Dessa forma novamente, a operadora pode rescindir por vontade da operadora. O que aconteceu no caso de Bruna, Erick, Nicolle, Lucas é que a família precisa de um plano completo, com necessidade de diversas especialidades incluídas. Para ser acessível financeiramente, eles optaram pelo plano coletivo por adesão feito pelo intermédio das administradoras e, assim, mais suscetível a quebras unilaterais.
“Nunca recebi uma reclamação de gente que chega aqui reclamando que foi excluída de um plano de saúde e a pessoa está saudável. É sempre alguém que apresenta custo para a operadora”, declarou o coordenador do Núcleo de Defesa do Consumidor da Defensoria Pública do DF, Antônio Carlos Cintra.
“Ultimamente, a busca tem sido enorme em situações envolvendo familiares de autistas. Só hoje atendi três mães com a mesma queixa”, declarou o defensor. A entrevista foi feita em 7 de maio.
Segundo Cintra, não são apenas casos de autismo com o convênio cancelado unilateralmente que chegam à Defensoria. Mulheres grávidas, doenças que vão apresentar custos a longo prazo ou necessidade de cirurgia. A defensoria atende apenas pessoas com, no máximo, cinco salários mínimos. Isso significa que as mulheres grávidas com o plano negado atendidas pela Defensoria raramente têm condições financeiras para pagar por um parto particularmente e vem esse acesso negado.
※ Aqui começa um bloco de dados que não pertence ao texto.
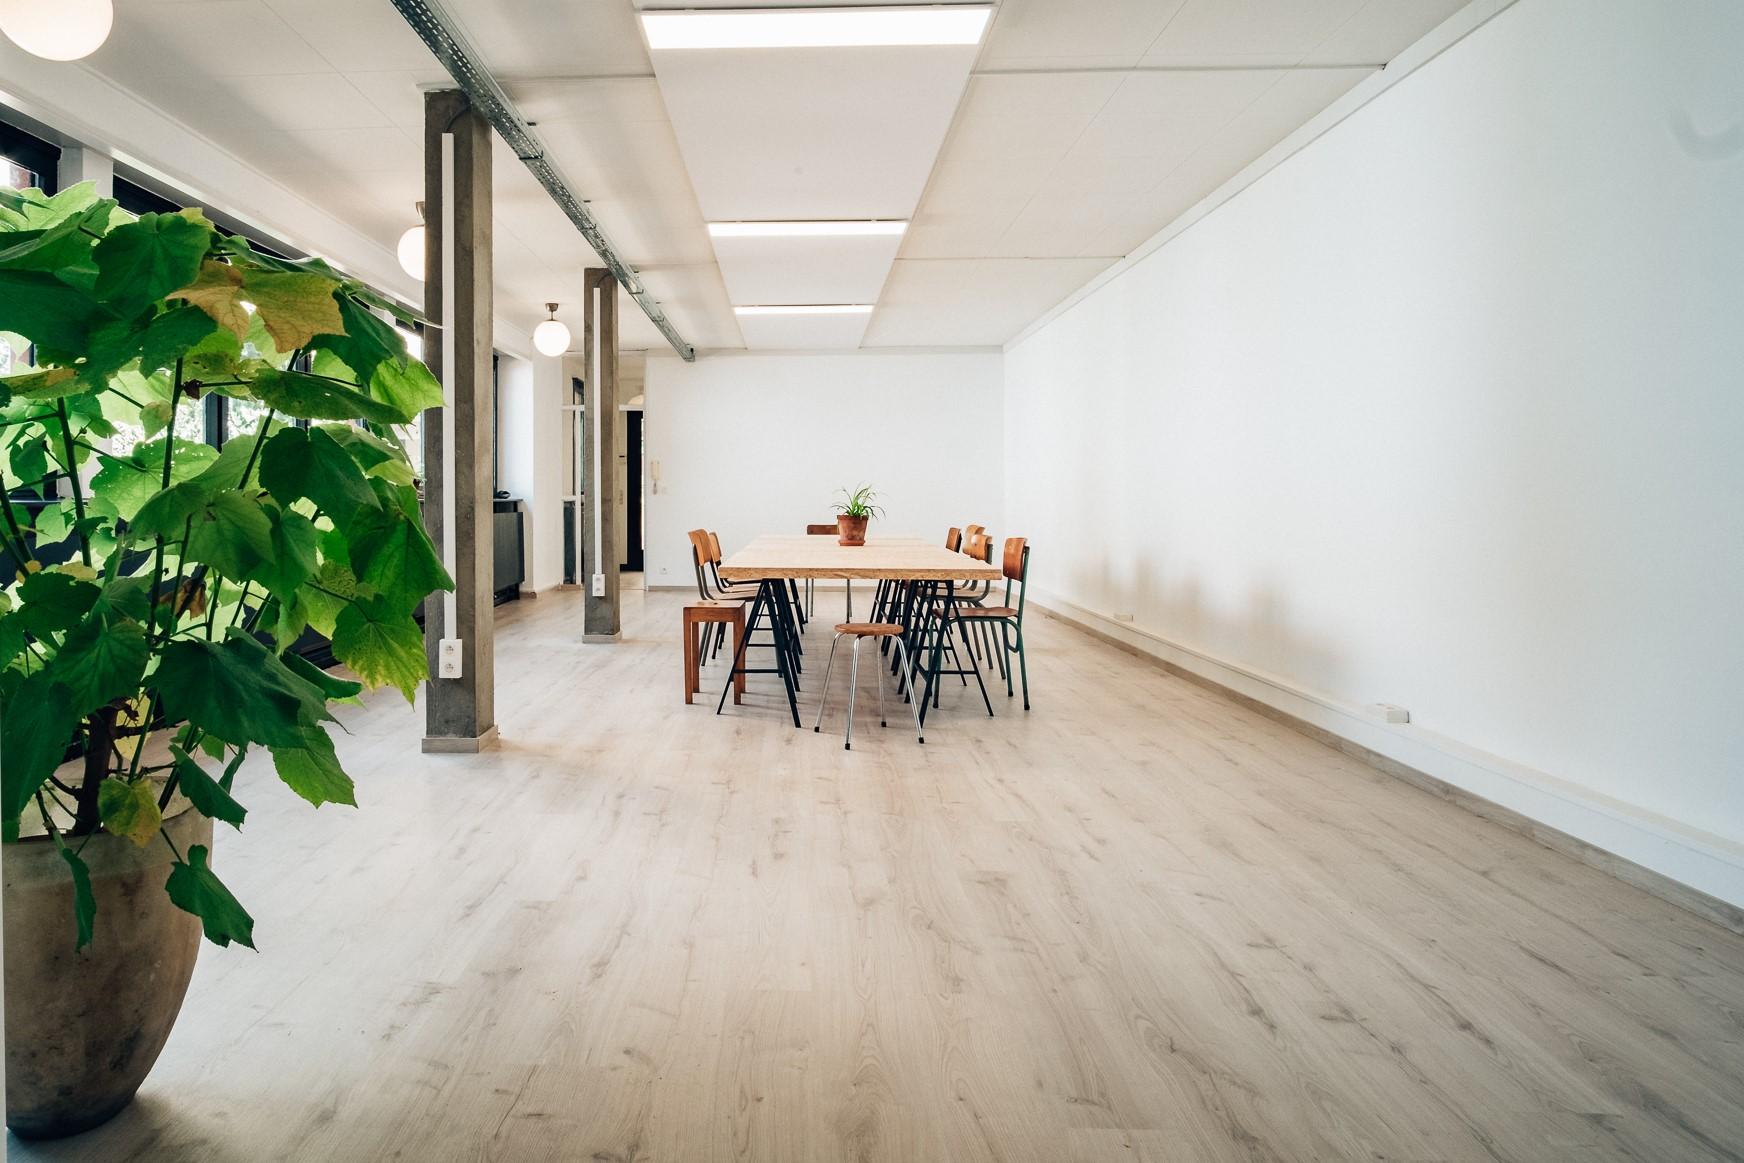 Zaal huren in Antwerpen - The Floor 2

Cintra explicou o contexto de quando foi criada a lei dos planos de saúde, em 1998, e como ao longo do tempo foram encontradas “brechas” na relação cliente e operadora. “Foi pensando que é necessário tratar de forma diferente um contratante individual daqueles que são contratantes coletivos. O que se imaginou é que um contratante individual é mais fraco na relação com o plano de saúde, chamada de de vulnerabilidade do consumidor e, portanto, é necessária uma proteção maior. Diferente de uma empresa que tem uma quantidade enorme de funcionários ou de uma associação que se junta e aí se faz um contrato coletivo de plano de saúde, que é porque essas pessoas, num grupo enorme, elas têm força”, contextualizou.
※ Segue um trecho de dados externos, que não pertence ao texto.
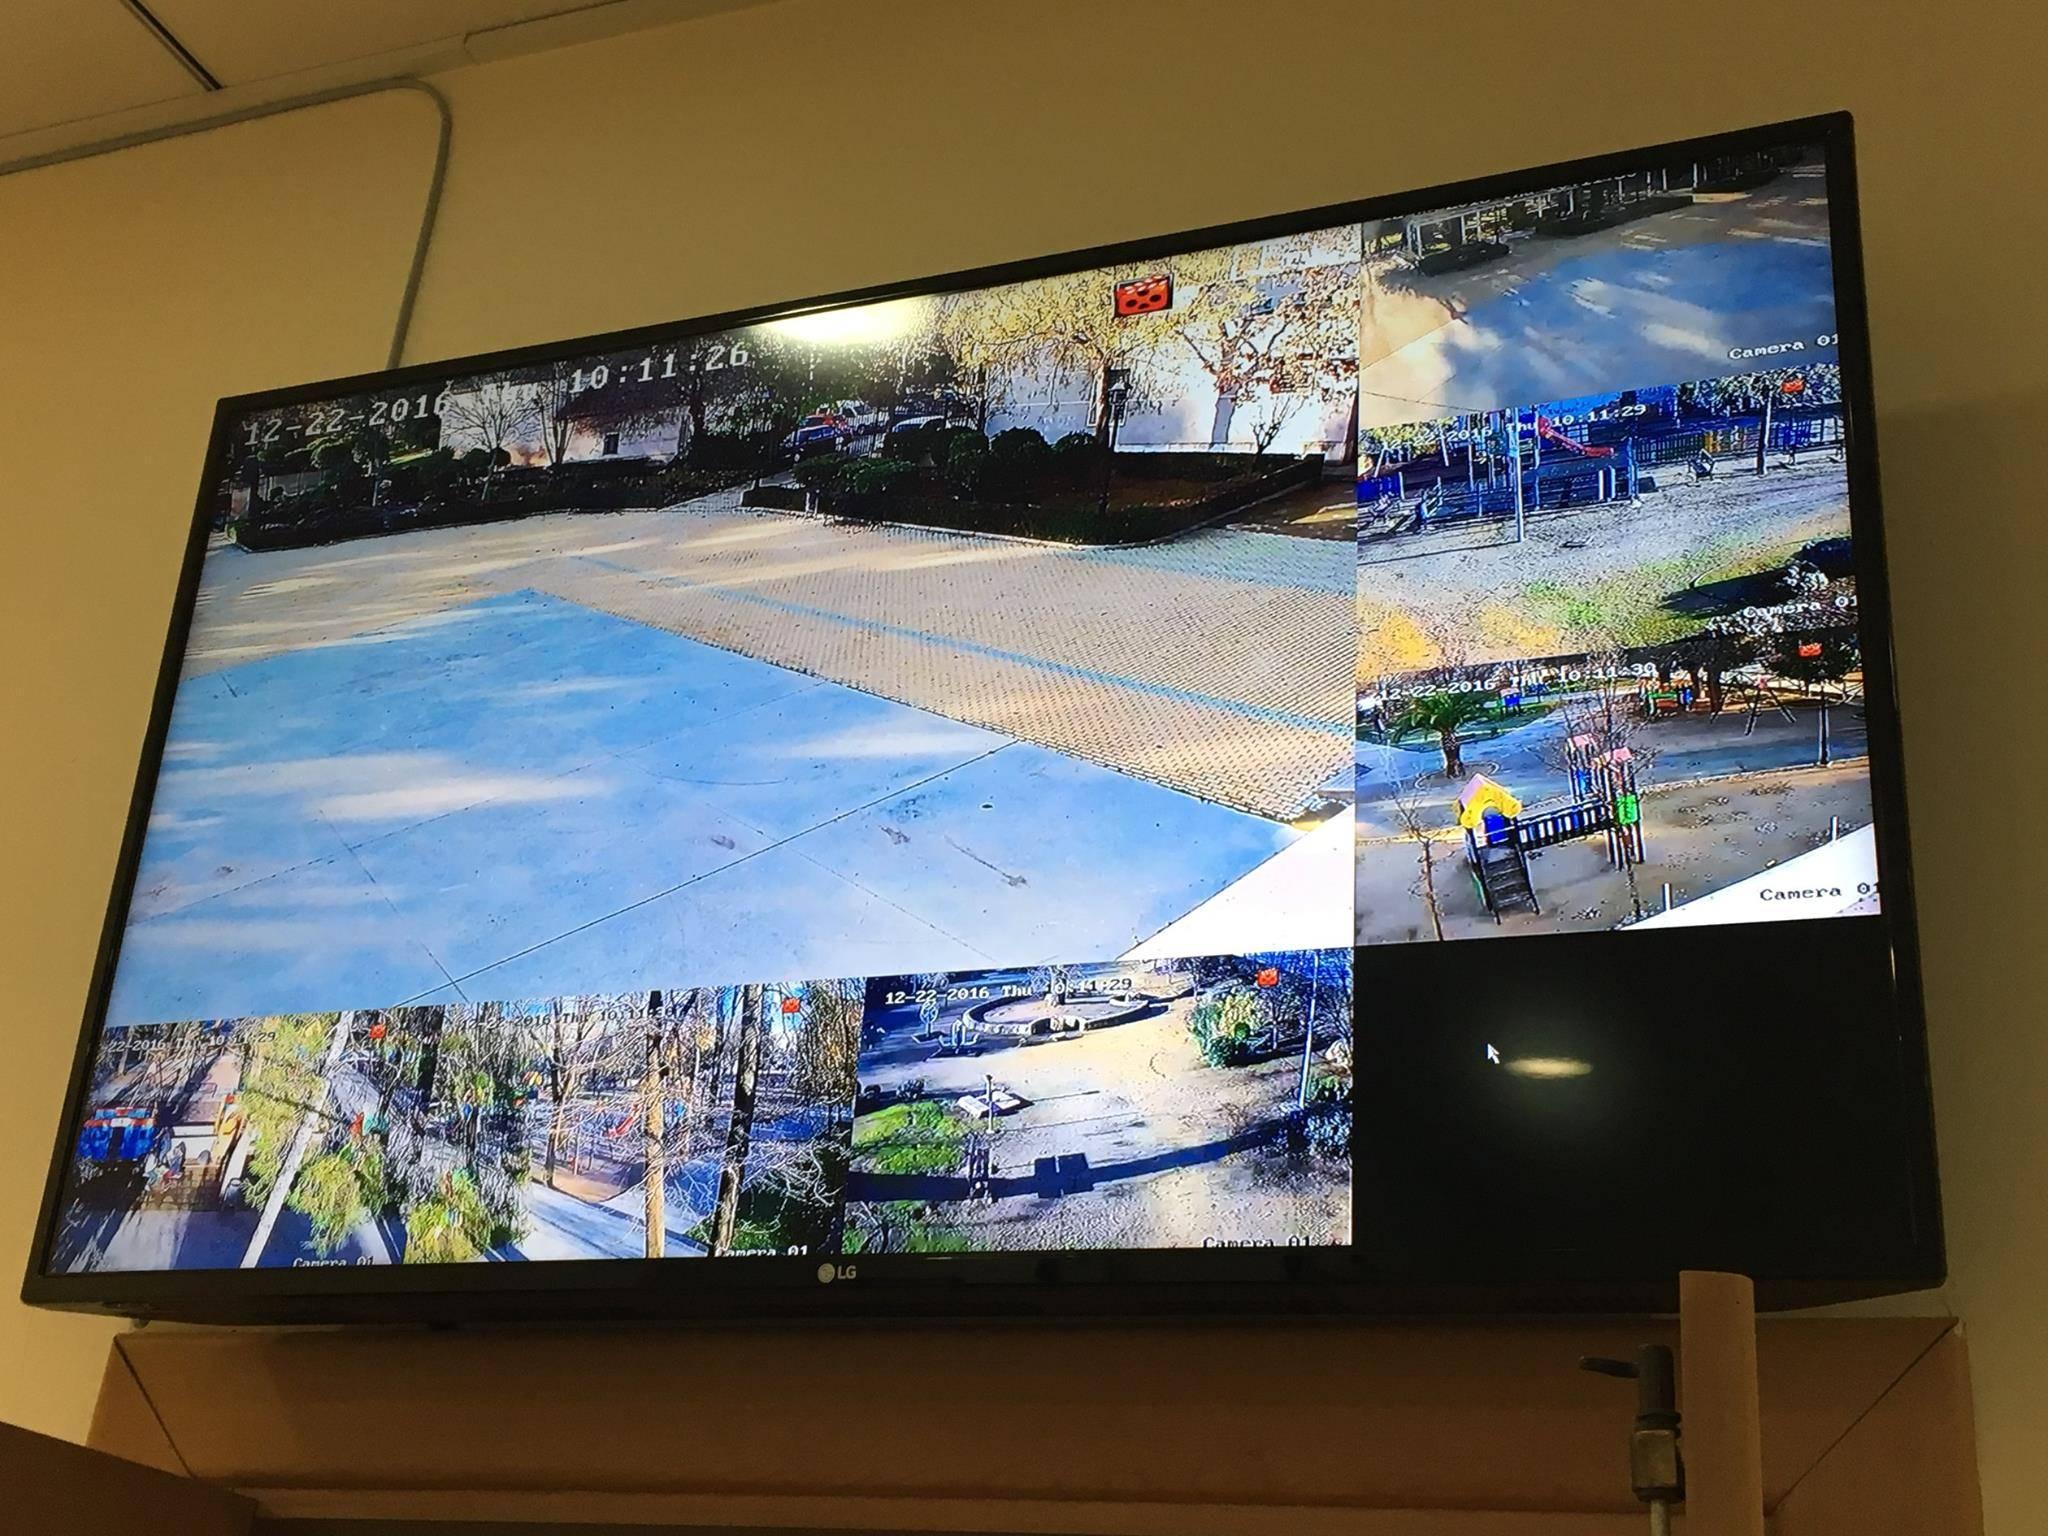 alcalde revisa camaras de seguridad en herencia 5 - El alcalde conoce el sistema de cámaras que vigilan Herencia

Inicialmente, essa modalidade do coletivo era pensada para pessoas que se conhecem ou que têm alguma relação em comum. Ao longo dos anos, surgiram as administradoras que unem pessoas que não se conhecem ou que não tem relações, por exemplo no caso de estudantes, e englobam todas em uma parcela. O reajuste também pode ser feito sem necessariamente seguir a tabela da ANS, apenas com a apresentação de que aumentaram os custos para os serviços.
AMIL
Em nota, a operadora de saúde Amil informou que está em processo de reformular a grade de produtos com modelos que assegurem qualidade de assistência e sustentabilidade de contratos. Os planos coletivos por adesão, disponibilizados pelas administradoras de benefícios, têm sido revista.
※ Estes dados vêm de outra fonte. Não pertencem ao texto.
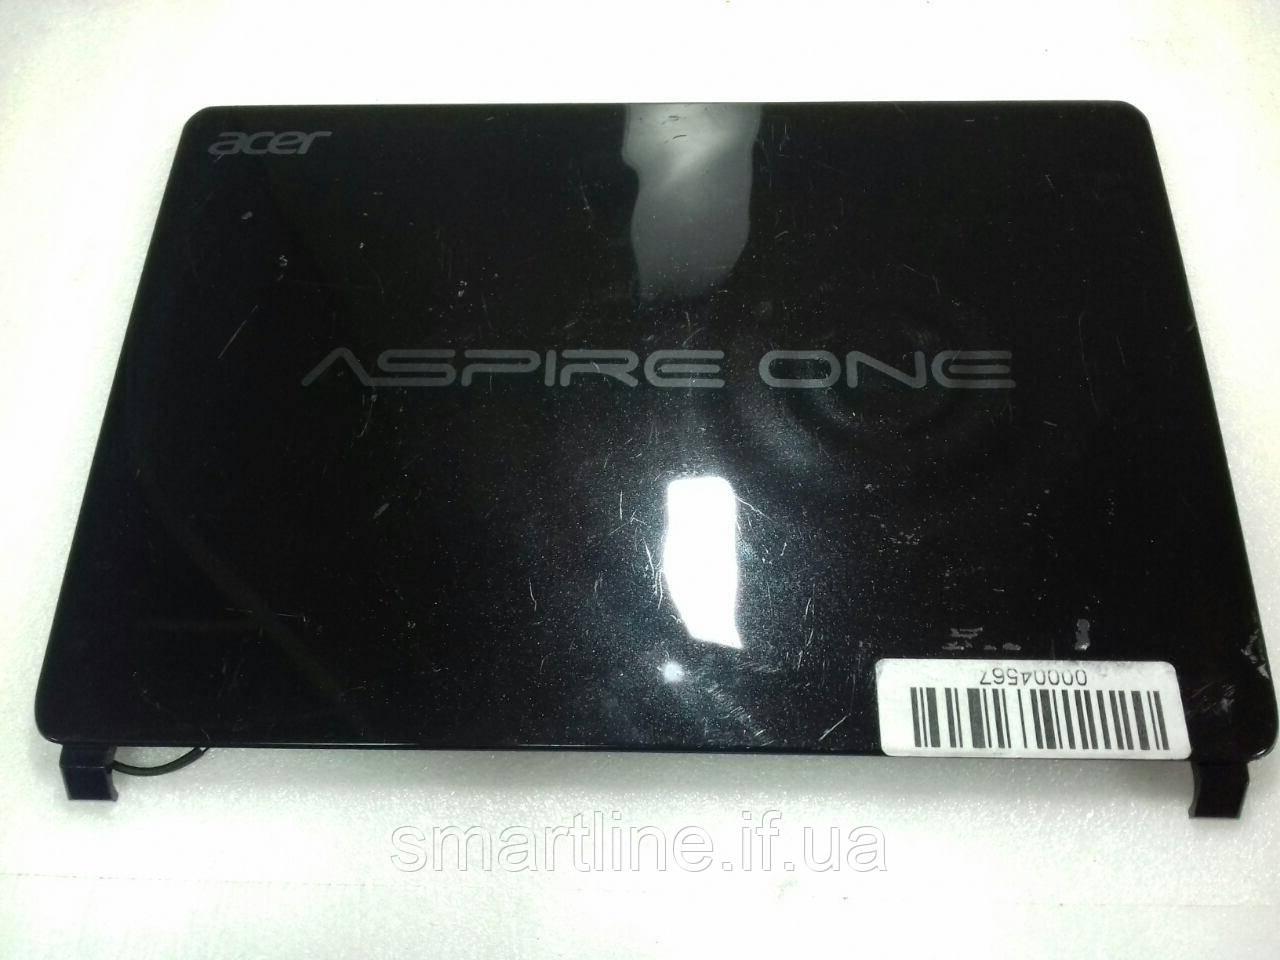 Кришка матриці ноутбука ACER Aspire One D270

“Como desdobramento, está em curso o cancelamento de um conjunto de contratos da Amil com administradoras de benefícios, especificamente os que demonstram desequilíbrio extremo entre receita e despesa há pelo menos três anos. A Amil iniciou a comunicação da mudança às administradoras de benefícios impactadas no dia 18 de março, reiterando que a manutenção das coberturas seguirá os prazos contratuais”, destacou em nota.